Ein guter Makler sei immer sein Geld wert. "Wie bei jeder Art von Pauschalen sind die entscheidenden Fragen, was für konkrete Dienstleistungen im Paket enthalten sind - und welche Qualität diese aufweisen. Gerade bei Kaufobjekten muss bezweifelt werden, dass hierbei immer eine optimale, sprich: kombinierte Vermarktung sowohl im Internet als auch in Zeitungen gewährleistet ist."

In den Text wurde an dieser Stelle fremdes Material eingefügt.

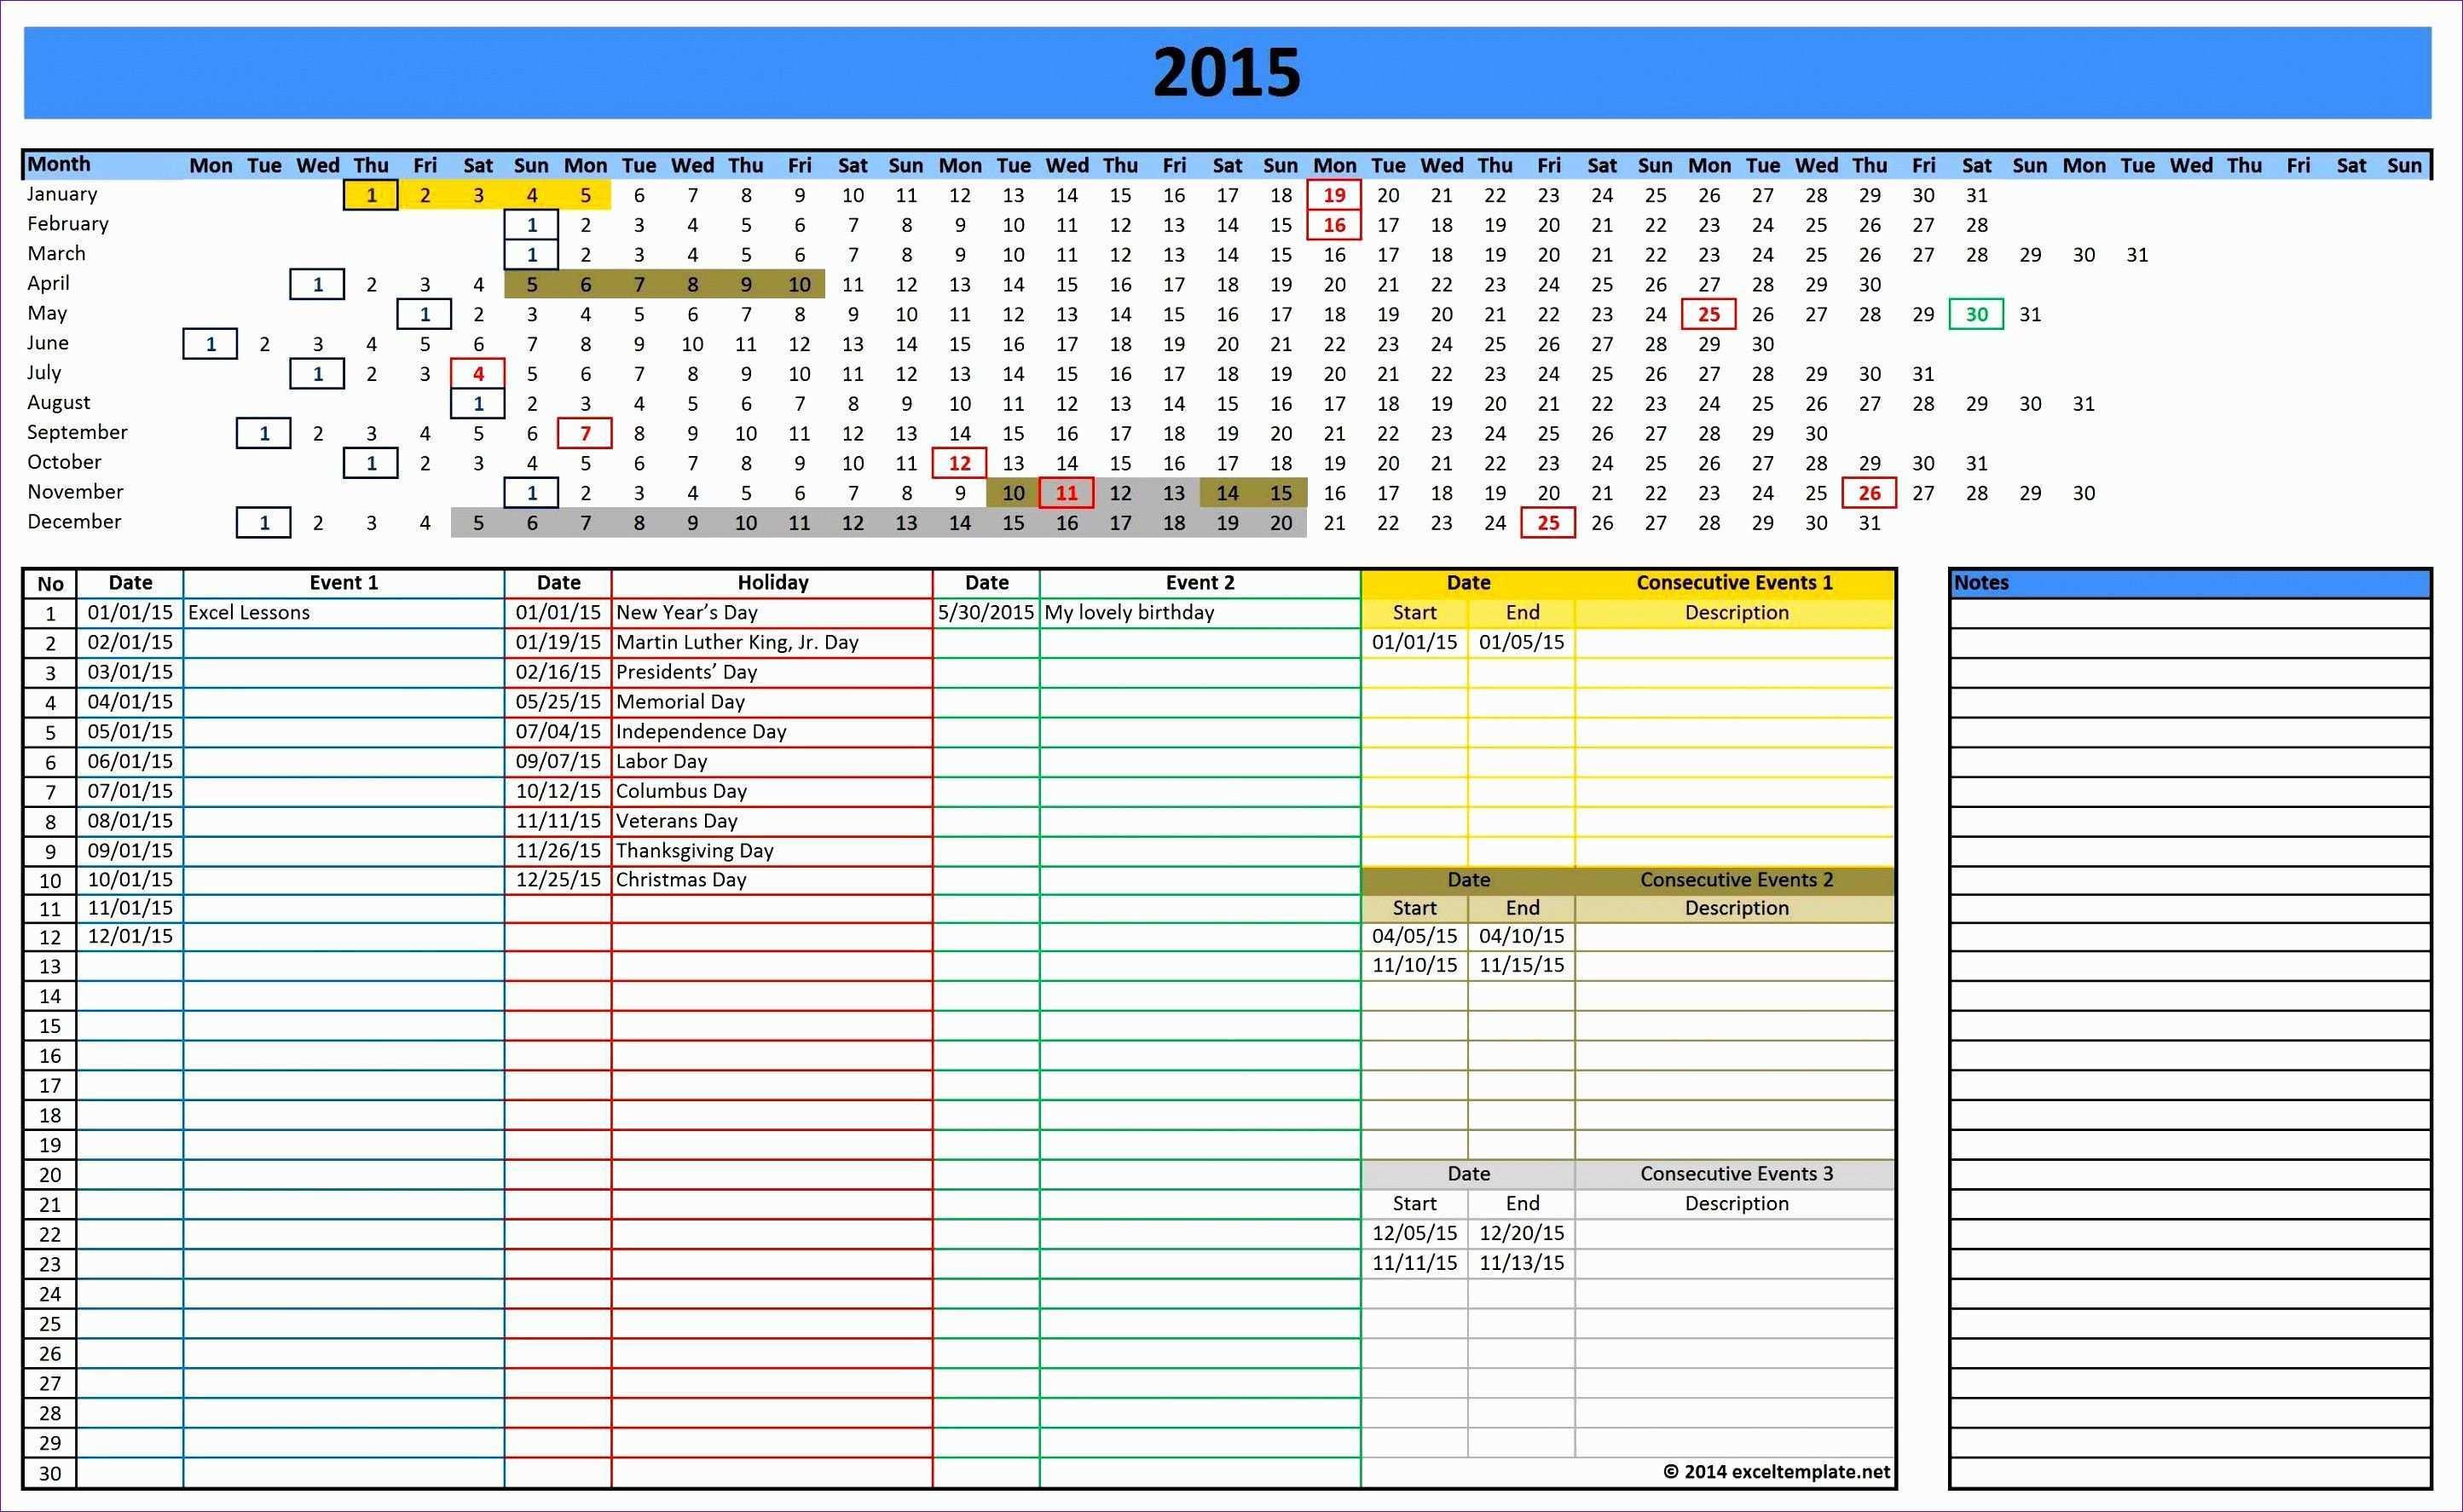 Workforce Plan Template Excel Inspirational 6 Workforce Planning Template Excel Exceltemplates Excel Calendar Template Excel Calendar Excel Templates

Mitbewerber kritisieren das neue Angebot

"Auf den ersten Blick ist das ein interessanter Ansatz", sagt dagegen Jürgen Michael Schick, Vizepräsident des Immobilienverbandes Deutschland (IVD). Die Offerte biete aber keine umfangreiche Maklerleistung. "Dieses Angebot könnte jede Werbeagentur in Deutschland unterbreiten, es scheint ein guter Marketingansatz für Werbefirmen zu sein." Immobilien seien kein Massenprodukt, für das es eine Gebrauchsanweisung gebe, sagt Schick. "Jede Immobilie ist in Sachen Lage, Zustand, bauliche Ausstattung, Grad der Abnutzung und Erneuerungsbedarf ein Einzelfall. Daher sind auch alle Fragen rund um diese Immobilie ganz individuell." Und genau diese Fragen seien das Tagesgeschäft des Maklers.